Pour autant, le gouvernement prépare bien l’après, et planche au développement d’une application sur téléphone intelligent, utilisable «sur la base du volontariat» pour identifier les personnes ayant été en contact avec une autre par le coronavirus, ont annoncé mercredi le ministre de la Santé Olivier Véran et le secrétaire d’État au Numérique Cédric O dans un entretien au Monde.
Par ailleurs, la France poursuit ses efforts pour s’approvisionner en masques, convoités par l’ensemble de la planète où l’épidémie a fait plus de 75 000 morts. Les «commandes sûres» atteignent désormais 1,6 milliard d’unités, selon M. Véran.

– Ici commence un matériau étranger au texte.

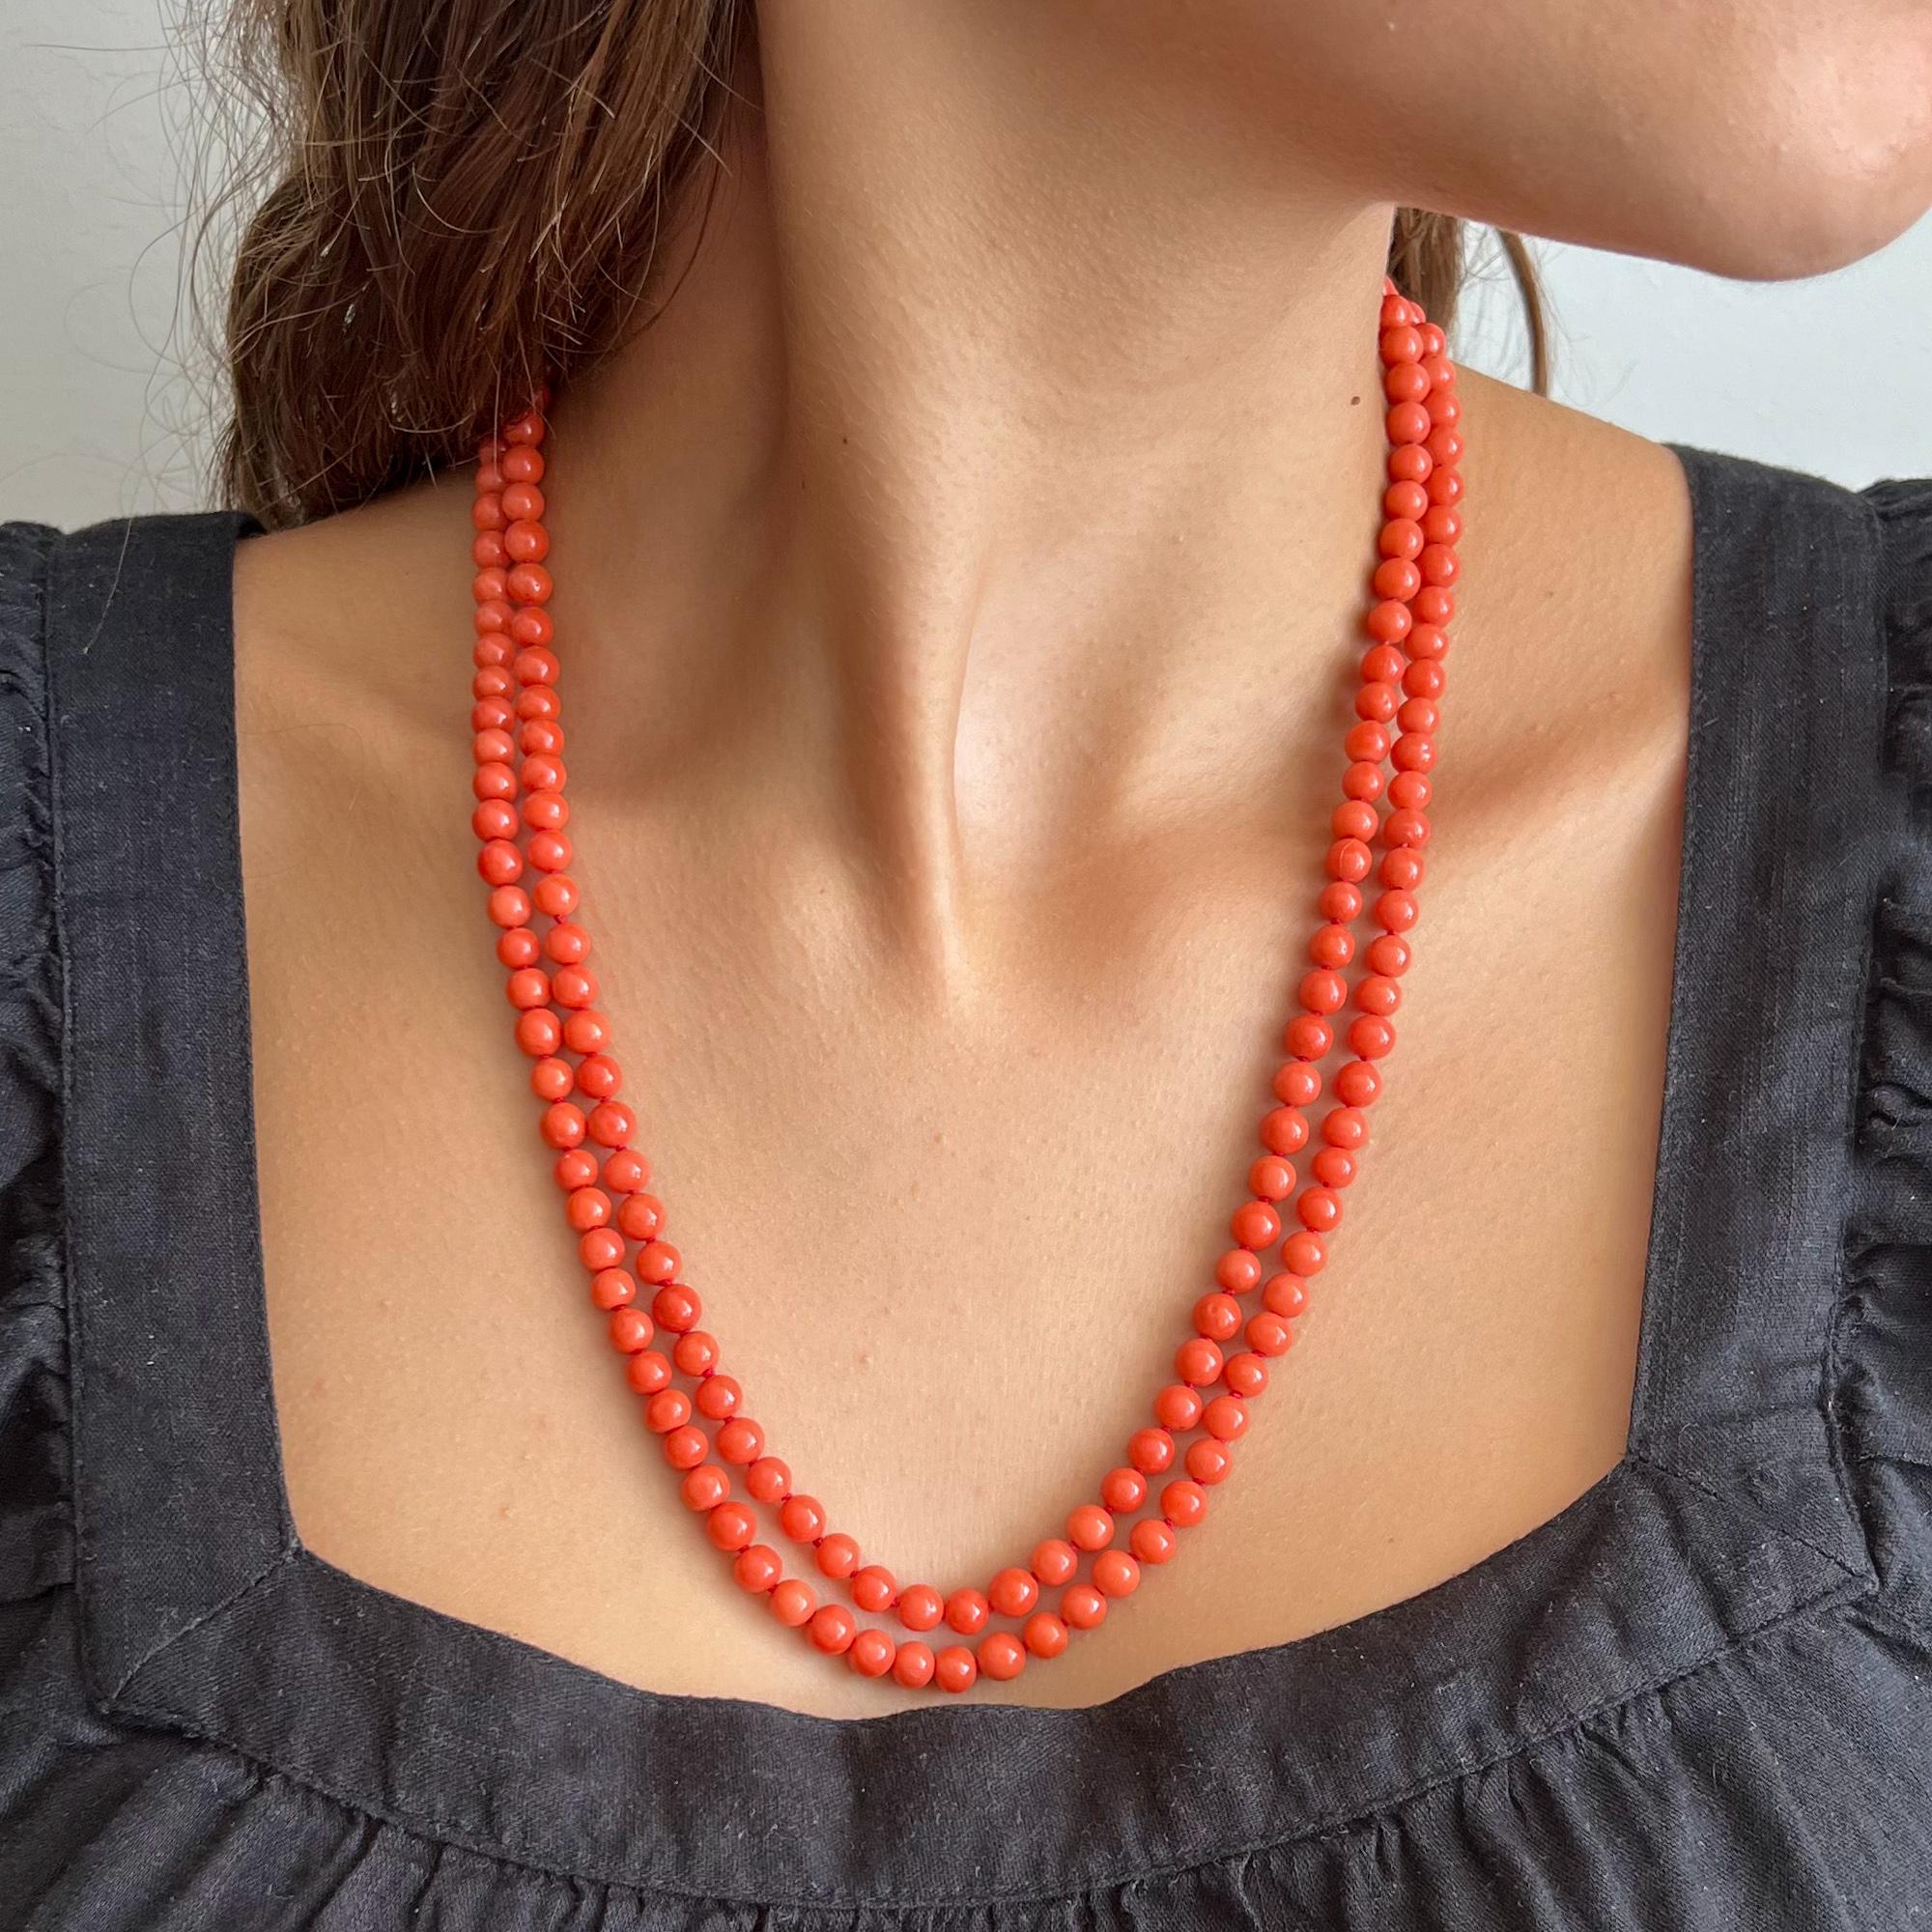 A vintage natural coral and 14 karat gold two-strand beaded necklace. The coral beads of this necklace are round-shaped and set with a beautiful oval-shaped clasp created in 14 karat gold. The color hue of the coral tends to salmon - this applies to

Un port généralisé du masque reste une «question ouverte» mais le gouvernement maintient pour l’heure sa recommandation d’en réserver l’usage aux soignants et personnes infectées, a-t-il également dit.
Lorsque viendra le temps du déconfinement, celui-ci devra certainement s’accompagner d’une «utilisation très large des masques» dans la population, a estimé Jean-François Delfraissy.
«Le déconfinement, d’un point de vue scientifique, est lié à notre capacité à fournir des outils de prévention dont le masque, il y aussi les solutions hydroalcooliques, la distanciation sociale, et surtout du dépistage à très haut niveau», a résumé le Pr Gilles Pialoux.